CAMRA say losing two pubs a week in this way is unacceptable and supermarkets are being accused of specifically targeting pubs for redevelopment, often despite the outcry of local residents who want the building to remain in business as a public house.

The figures, based on national research carried out by CAMRA’s members, identified 208 pubs which have been converted to supermarkets since January 2012. The research also shows that Tesco are by far the most prolific pub converters, with 110 in the last two years – that’s over three times more conversions than any other supermarket chain. Sainsbury’s are a distant second with 29 pub conversions and even The Co-operative, who are part of a movement which backs community pub ownership, come in at third with 23.

“The big supermarket chains appear to be targeting pubs for conversion, despite the fact that these pubs are often profitable and popular. This behaviour shows a remarkable disregard for the wellbeing of communities that face losing their valued pubs – leaving local people powerless to step in.” CAMRA Chief Executive Mike Benner.

A key reason pubs are being targeted by supermarket chains is that a loophole in planning law allows a pub to be converted to other uses, including a supermarket store, without planning permission.
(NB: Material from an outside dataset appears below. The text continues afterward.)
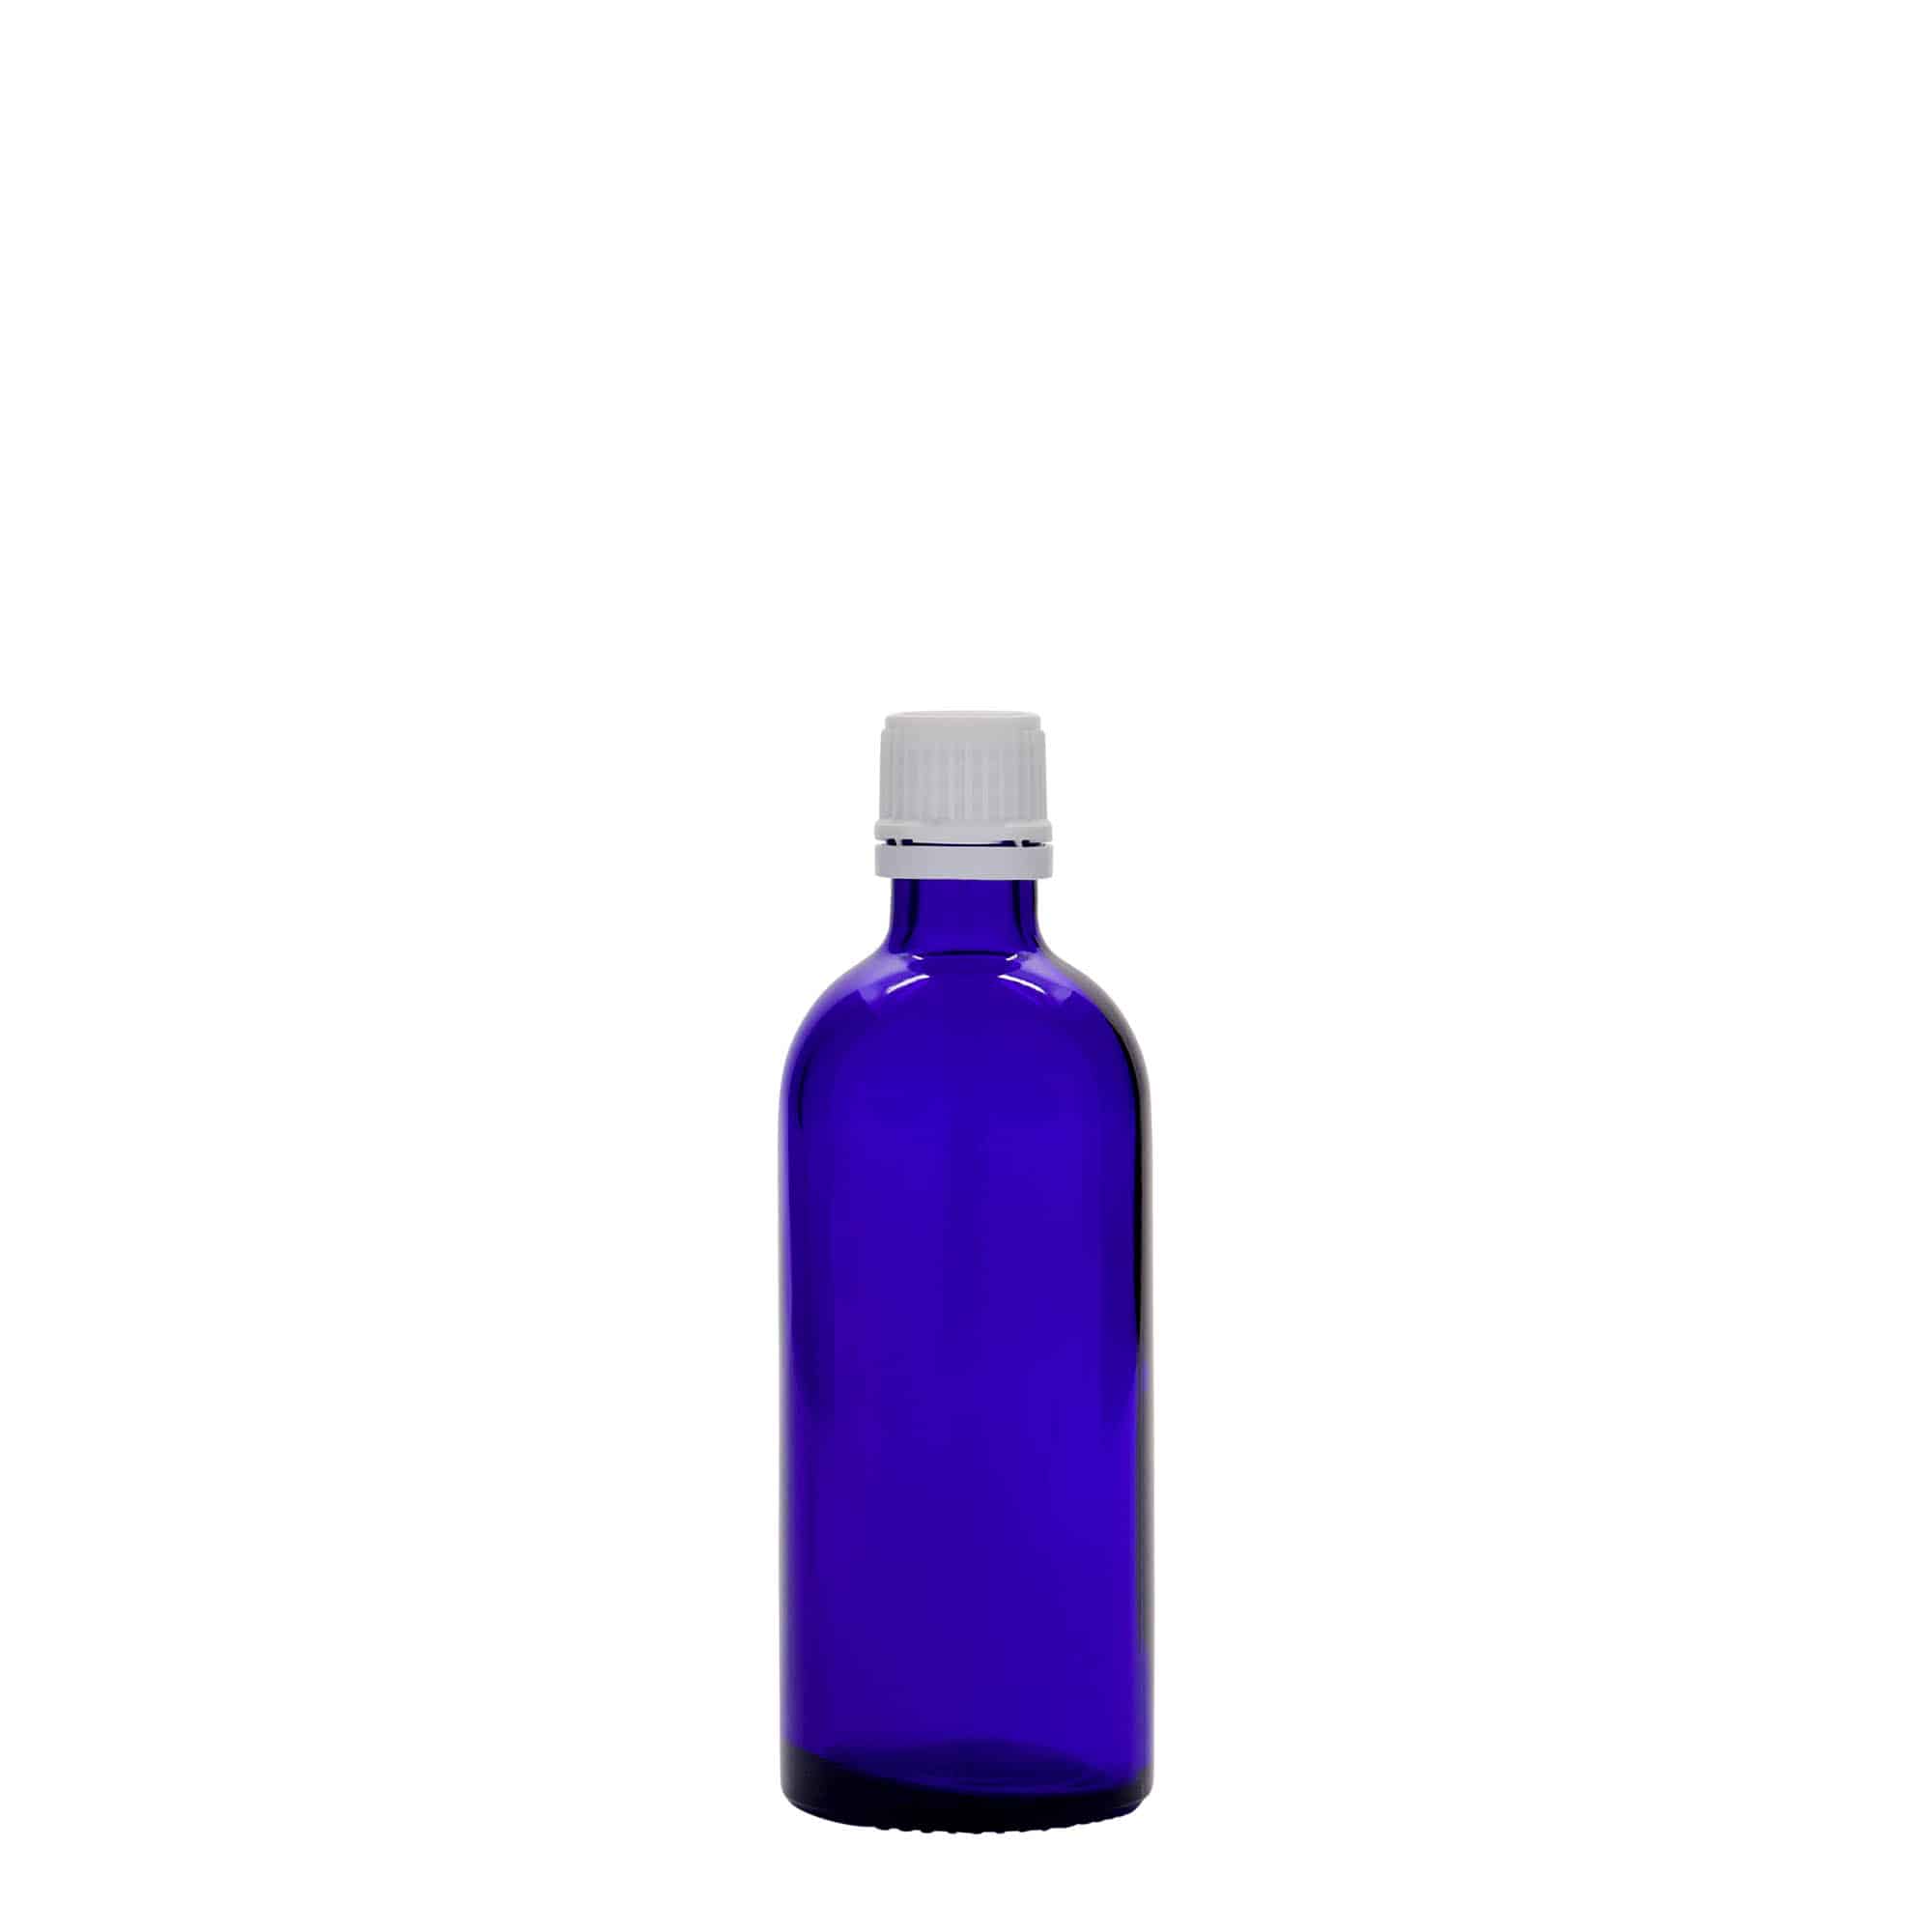 100 ml Flacone farmaceutico, vetro, blu reale, imboccatura: DIN 18

CAMRA is urging the Government to step in and close this loophole, so local communities would have a say before their pubs are lost. Mike added,

“Allowing pubs to be converted to supermarkets without planning permission is ludicrous, and something which the Government need to address as a matter of urgency.”

Until the planning loopholes are closed CAMRA is encouraging communities to show their support for their local by nominating them as an ‘Asset of Community Value’ (ACV), which can in some instances help prevent the closure of valued community pubs.

“ACV status means that should the pub be put up for sale the surrounding community can delay the sale, giving them breathing space to look at how the pub can be saved. Over 300 pubs have now been listed as Assets of Community Value, but much more needs to be done to protect pubs. At the very least the Government must act to ensure pubs that are listed as assets of community value can’t be turned into a supermarkets overnight. It is outrageous that even valued pubs listed as ACVs are given virtually no protection from the clutches of the ever-expanding supermarket chains”. Said Mike Benner.